Information provided

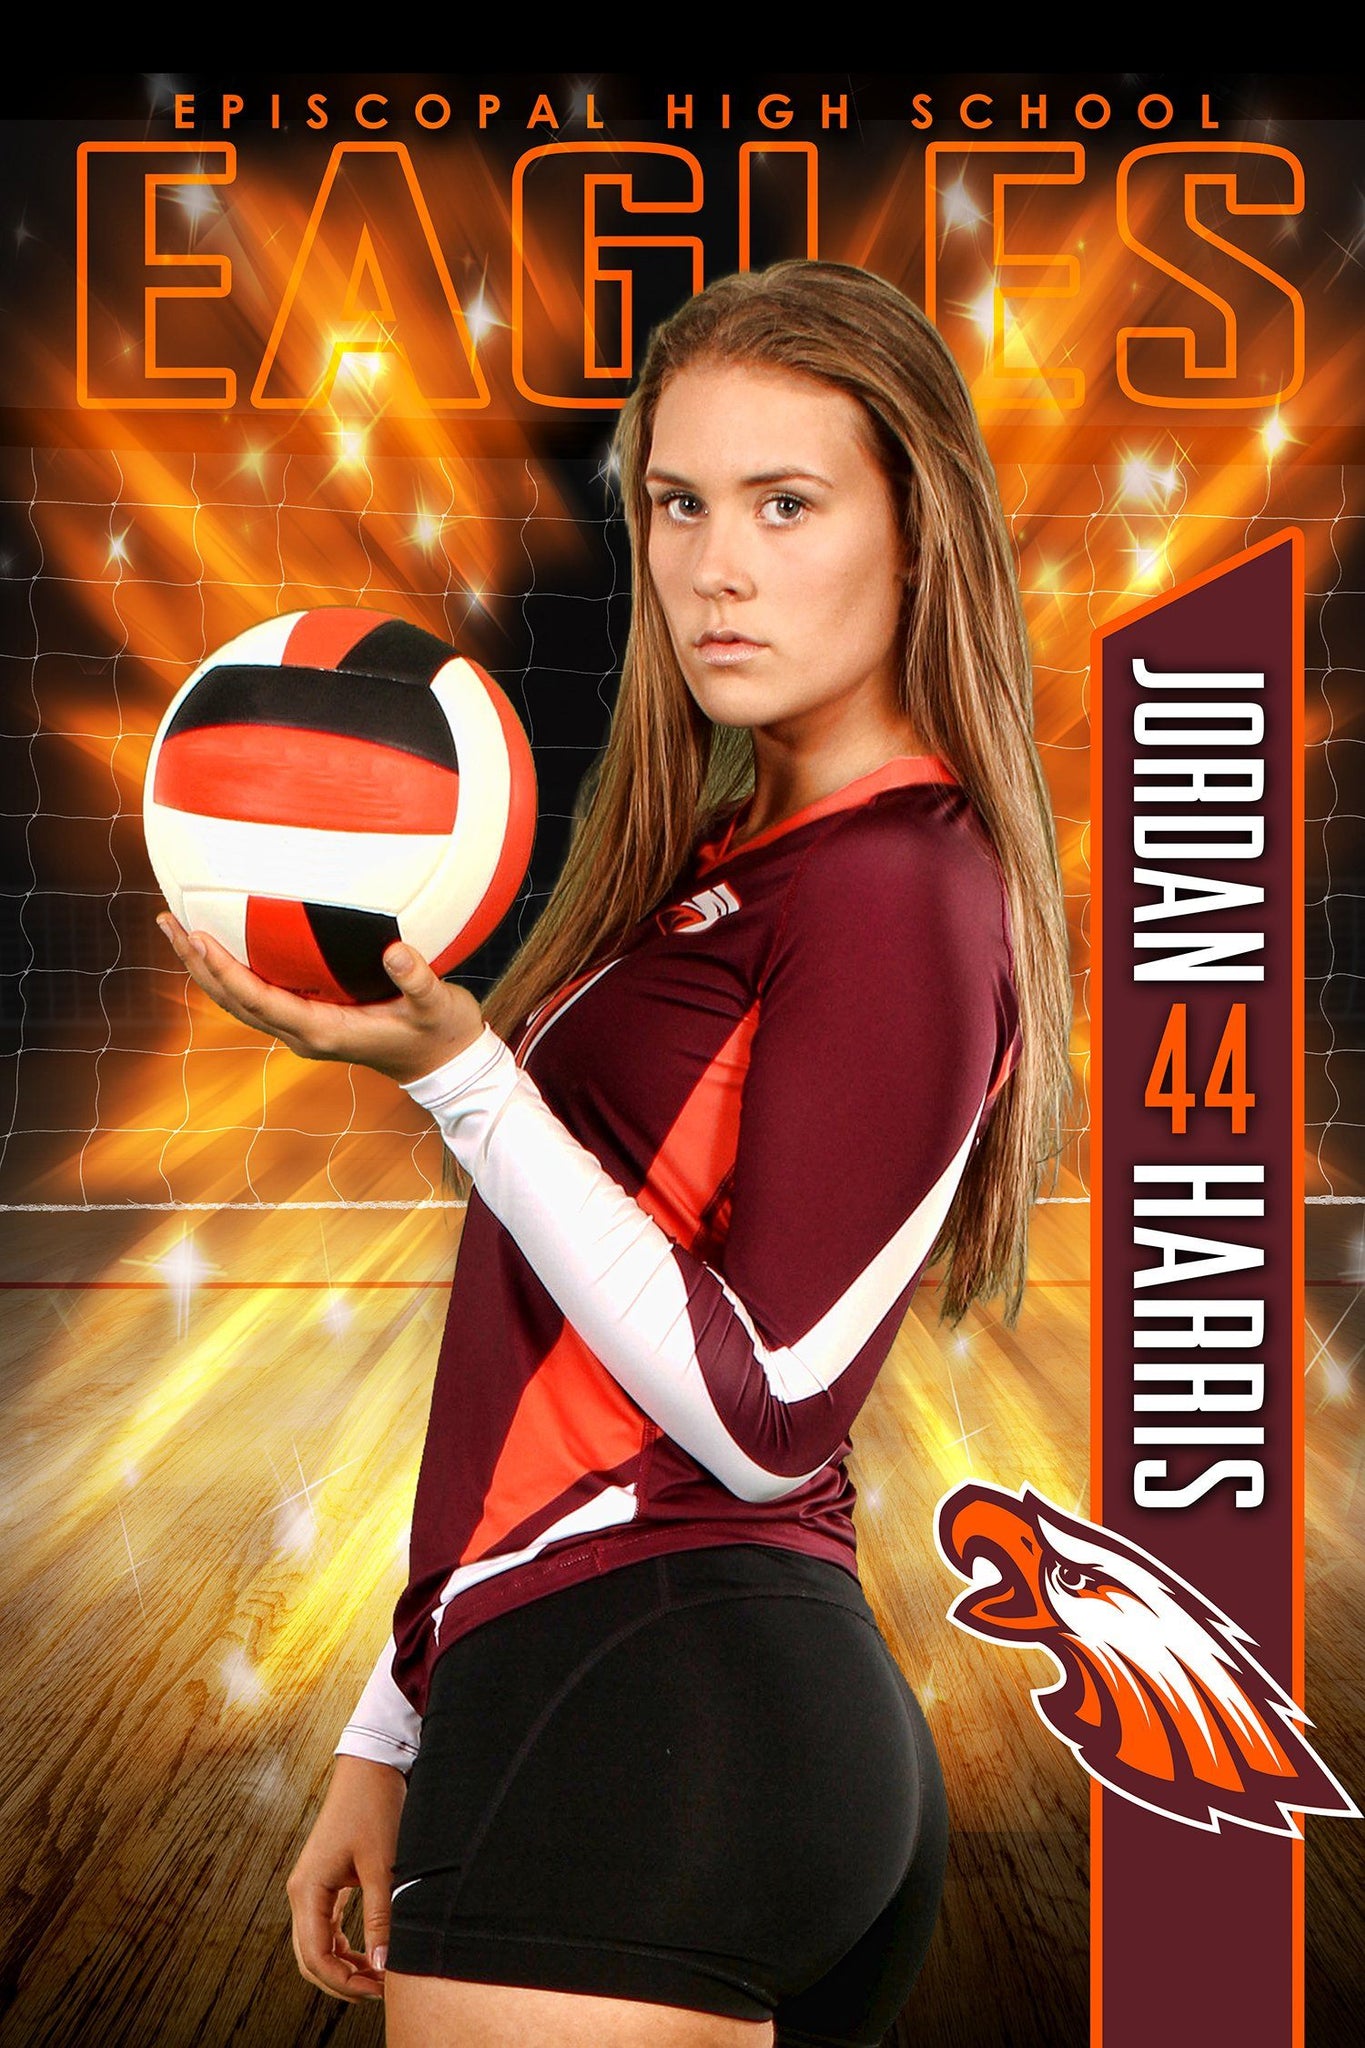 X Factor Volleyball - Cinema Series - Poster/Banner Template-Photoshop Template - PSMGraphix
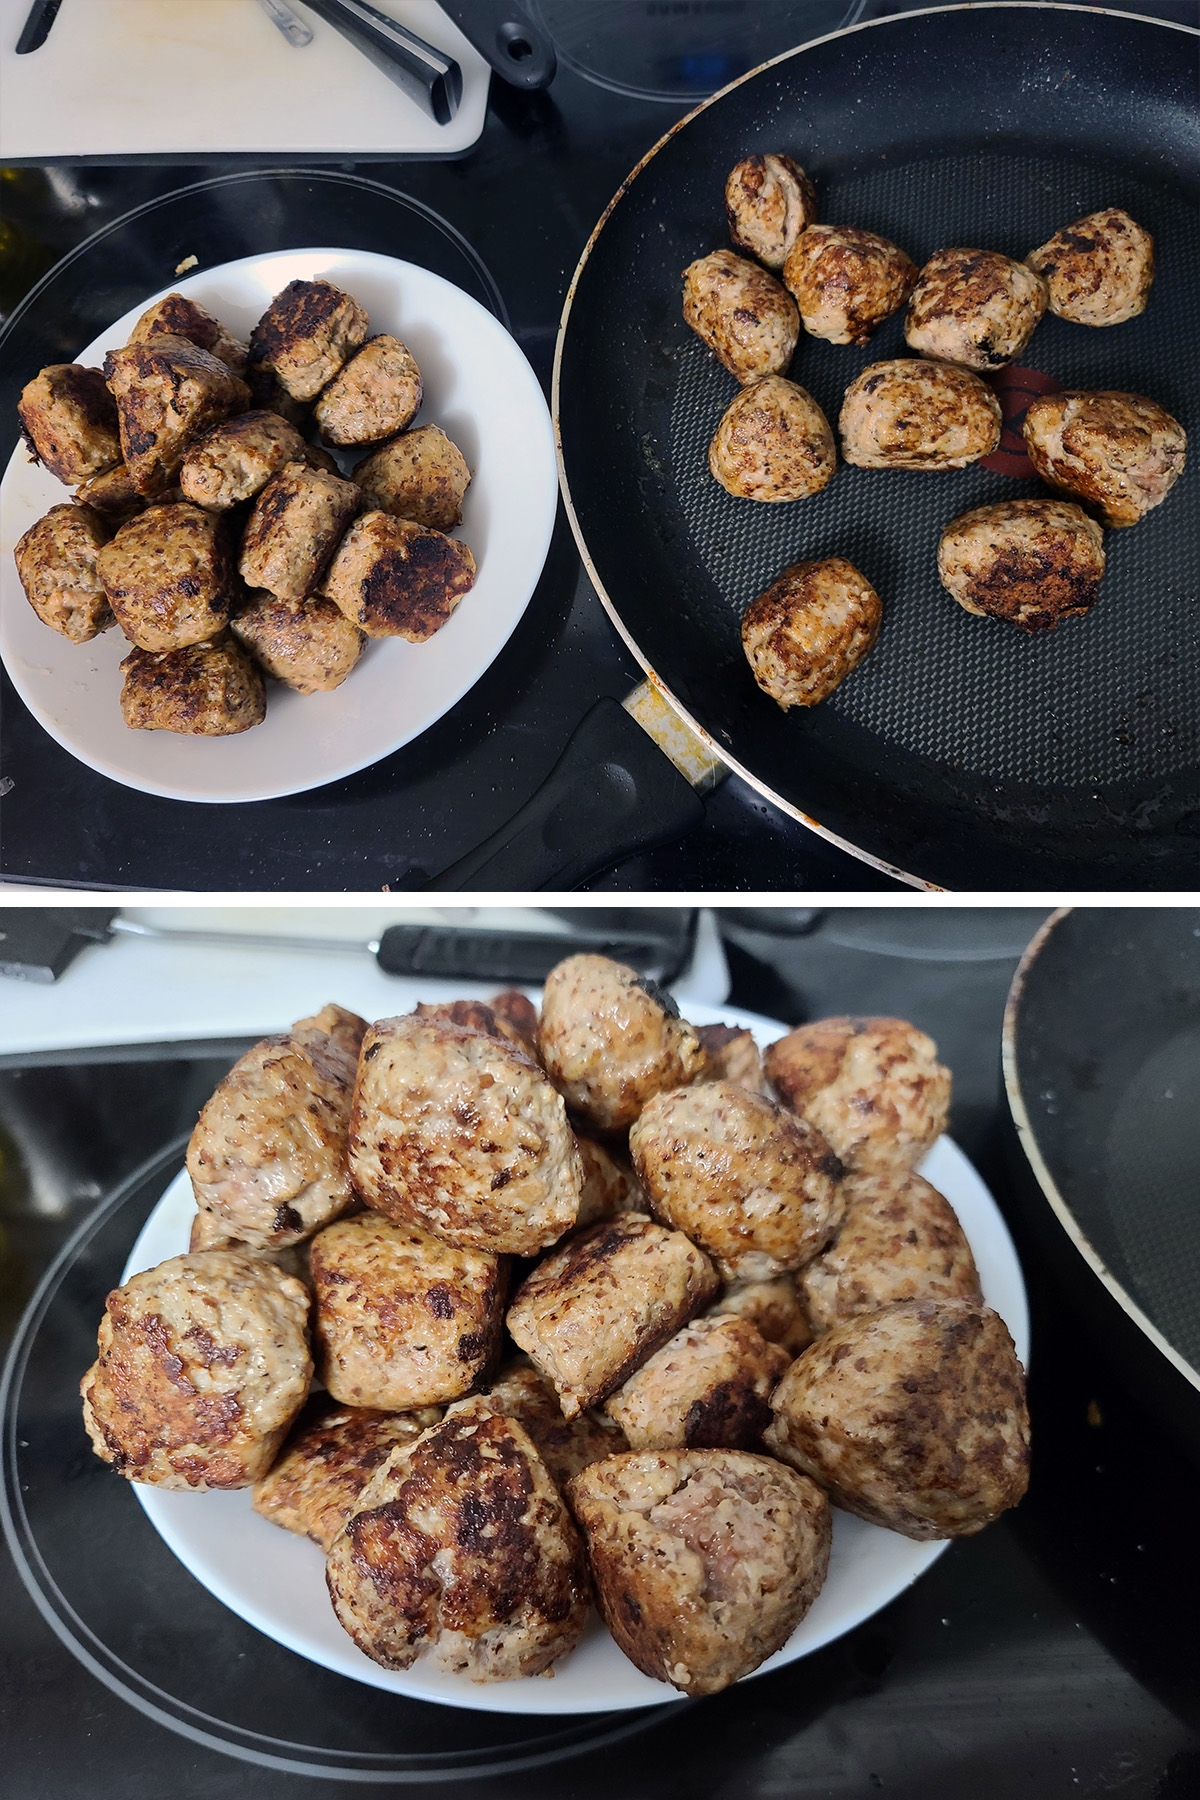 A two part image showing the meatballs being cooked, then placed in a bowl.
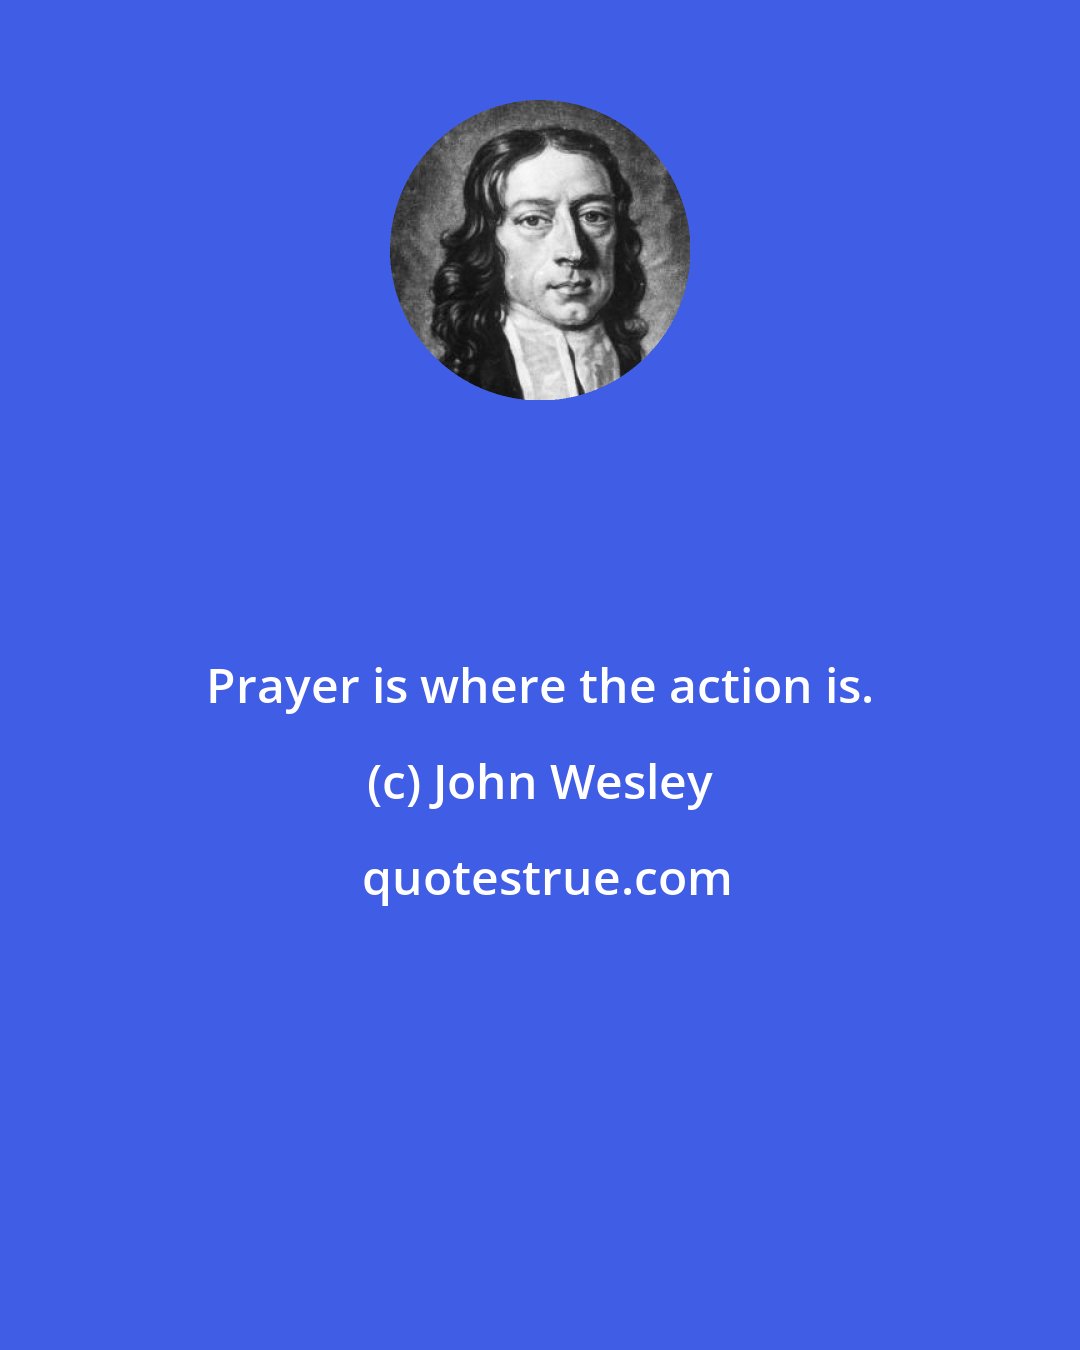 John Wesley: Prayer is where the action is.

Action item
Return every line above verbatim, pictures excluded.

Task answer
 X Factor Volleyball - Cinema Series - Poster/Banner Template-Photoshop Template - PSMGraphix
 A two part image showing the meatballs being cooked, then placed in a bowl.
 John Wesley: Prayer is where the action is.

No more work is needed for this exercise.